The conclusion is the following:

Even until now there is no consistent legal definition of 'normally informed and reasonably attentive internet user' and its skills by the national courts. This leads to legal uncertainty whether, according to the national courts' belief, the internet users are able to distinguish between AdWord based ads and natural hits and, therefore, whether the use of a trademark as 'AdWord" constitutes trademark infringement.

There is a risk of forum shopping. Even though the use of trademarks as 'AdWords' takes places only at a specific top level domain such as or, the trademark owner may chose a place of jurisdiction in another member state if it is arguable that the specific ad reaches out to users in other states.

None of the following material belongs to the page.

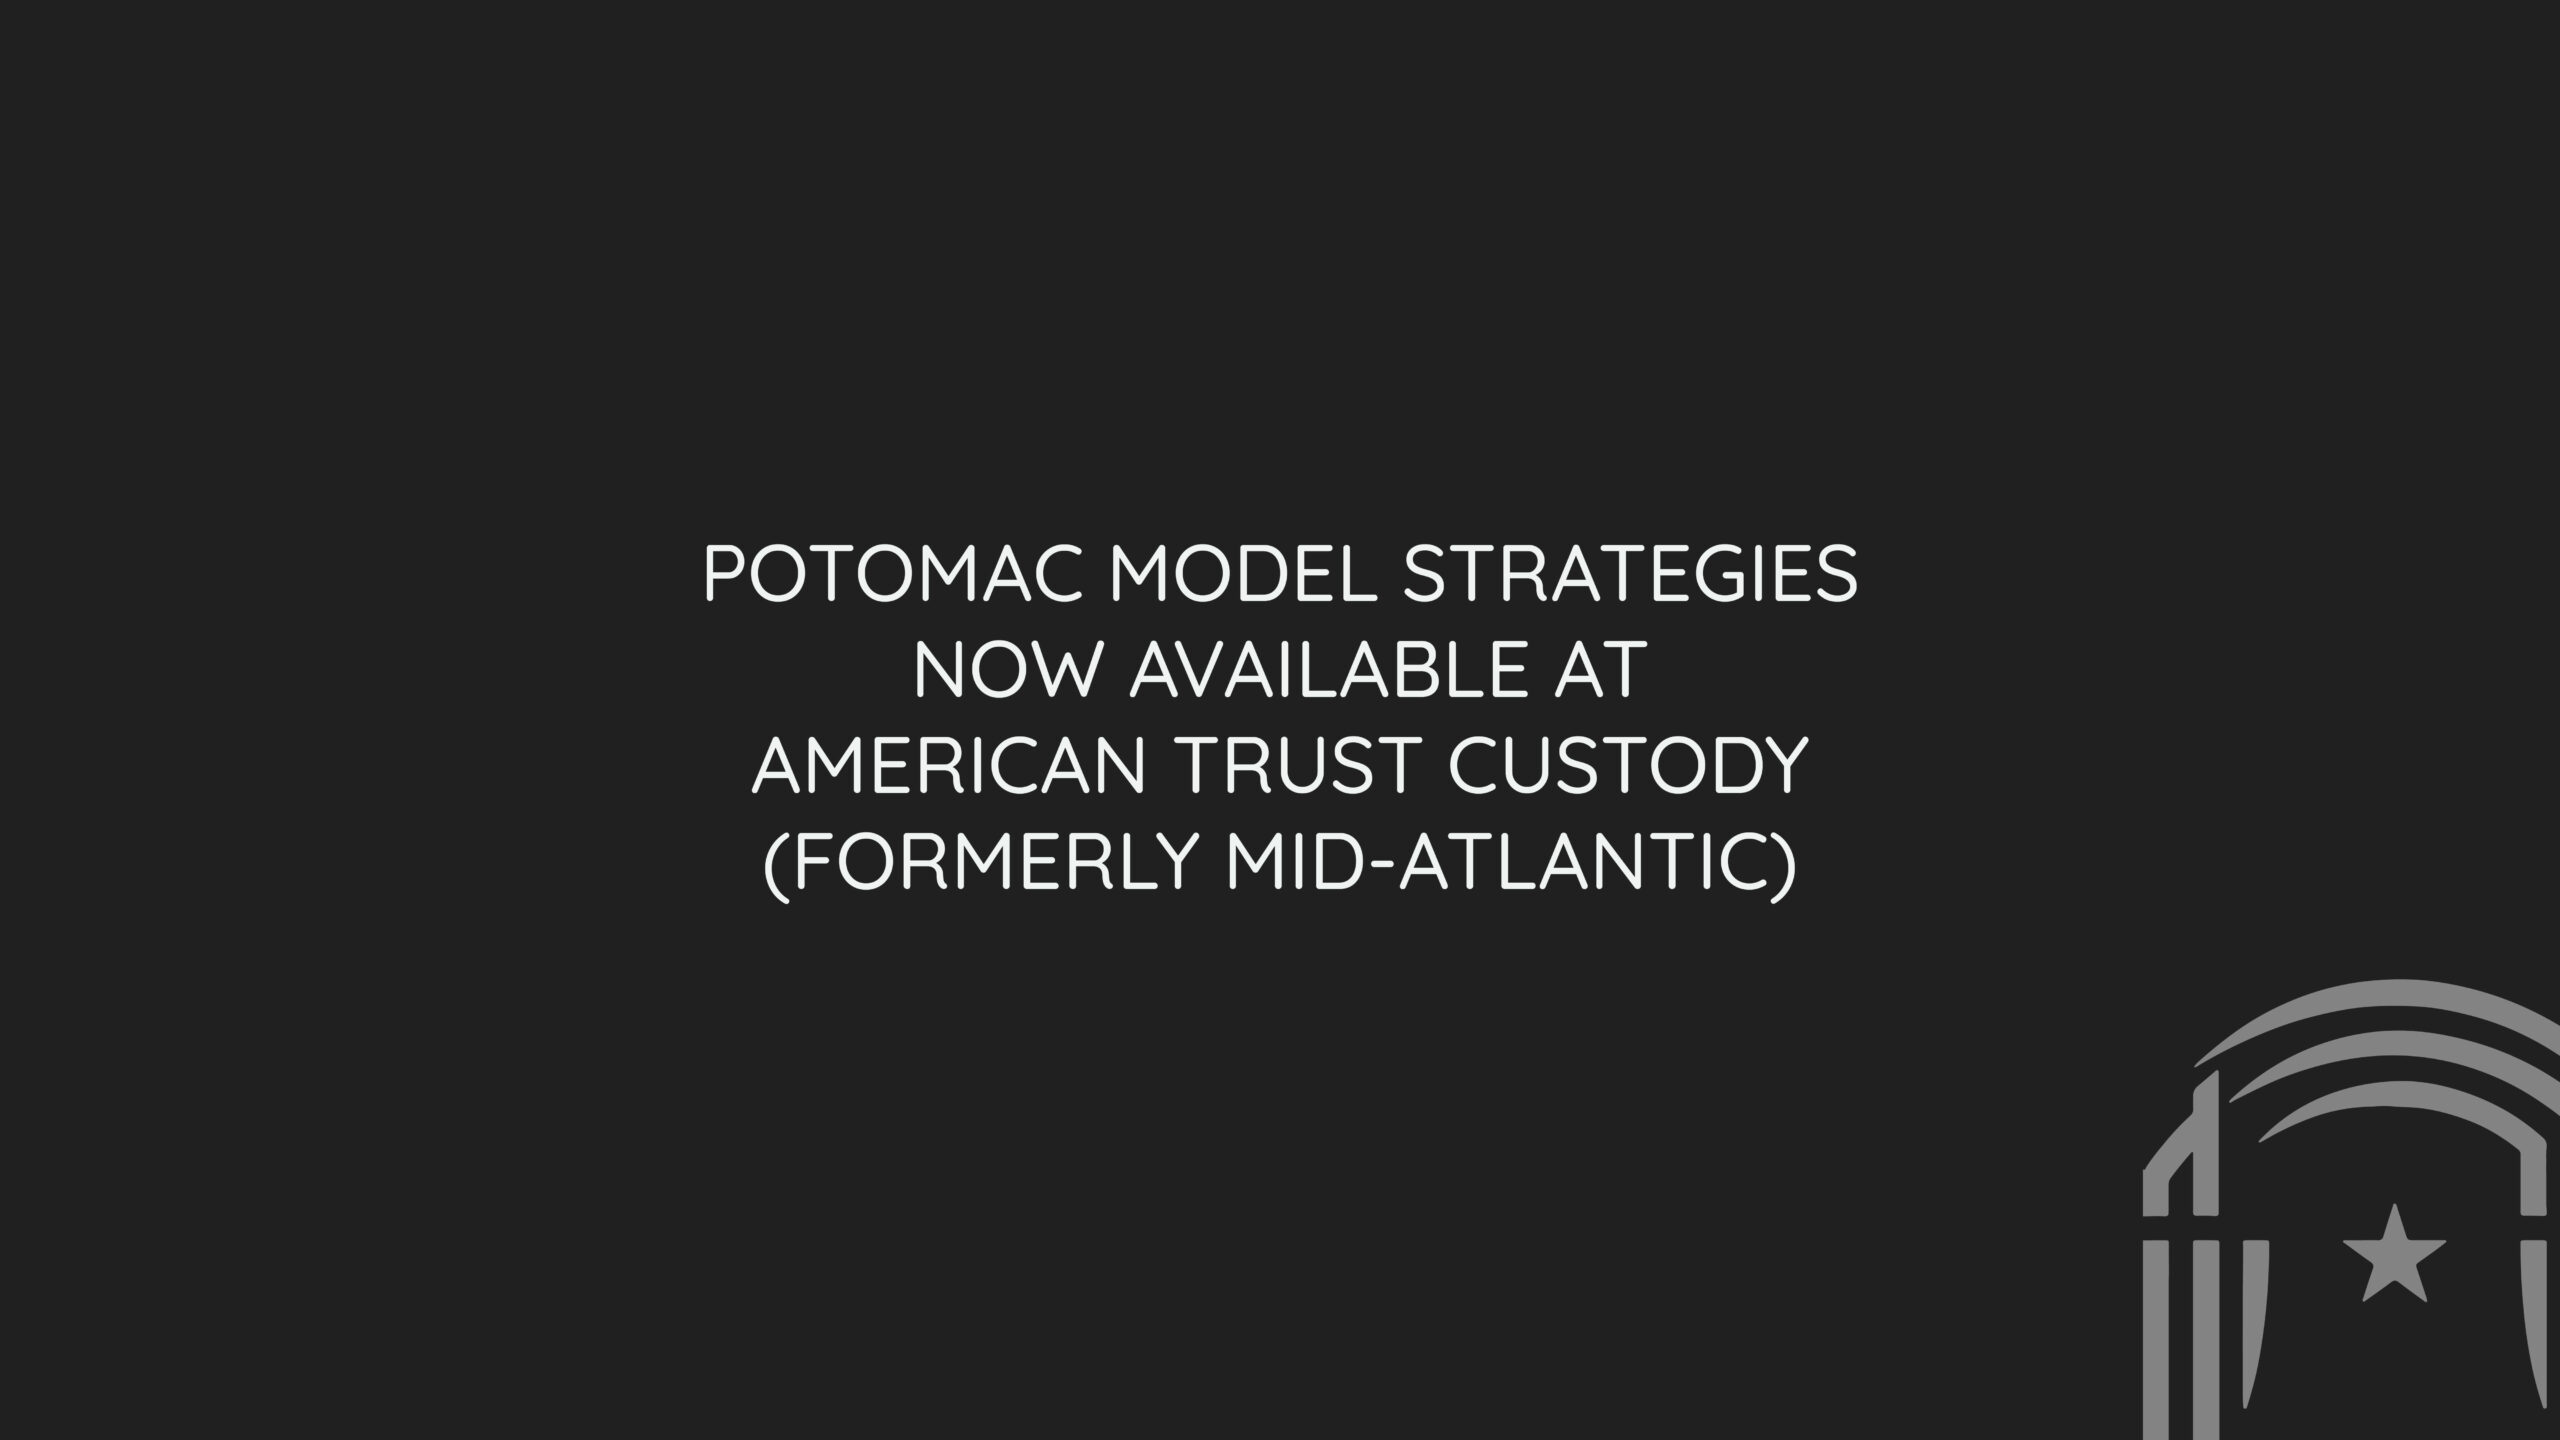 Potomac Fund Management Now Available at American Trust Custody

Advertisers who are interested in a pan-European marketing strategy by reservation of trademarks as 'AdWords' throughout Europe must be aware that the decisions of the ECJ do not lead to a unified European legal practice. A one-fits-it-all approach is, there4fore, very risky. Rather, advertiser must carefully screen the current legal positions of the national courts prior to using AdWords throughout Europe.


[1] - The key legal provisions are Art.5 (1) (a)-(b) and 5 (2) of the European Trademark Directive (89/104/EC). Art. 5(1)(a) of the Trademark Directive governs use of signs identical to the protected mark in connection with goods or services identical or similar to the goods or services for which the mark is registered, whereas Art. 5(1) (b) covers use of identical or similar signs in a manner that causes likelihood of confusion.
[2] - ECJ, Judgment of 23 March 2010, C-236/08 to C-238/08, Google France.
[3] - The ECJ also highlighted the advertising function and the investment function.
[4] - BGH, Judgment of 13 January 2011, I ZR 125/07, Banabay II; BGH, Judgment of 22 January 2009 – I ZR 139/07, pcb. The BGH assumed that, given the specific design of the ad, an internet user does not have a reason to assume a connection between the advertiser and the trademark owner. One major factor in the assessment was that the trademark was displayed neither in the text of the ad nor in the relevant domain name line. In addition, the BGH based its reasoning on the fact that the internet user does not establish any commercial connection between the trademark owner and the goods advertised in ad even though he entered the other party's trademark in the search engine.
[5] - OGH, Judgment of 5 Oktober 2010, 17 Ob 8/10s, Wintersteiger; OGH, Judgment of 20 March 2007, 17 Ob 1/07g, Wein & Co; OGH, Judgment of 21 June 2010, 17 Ob 3/10f, Bergspechte III.
[6] - Cour de Cassation, Judgment of 13 July 2010, 06-15136, Google v. CNRRH.
[7] - District Court of The Hague, Judgment of 20 December 2010, Tempur v Energy+.
[8] - Court of Appeal of The Hague, Judgment of 22 November 2011, Tempur v Medicomfort and SEB v Philips.
[9] - High Court of Justice London, Judgement of 21 May 2013, HC08C03340, Interflora.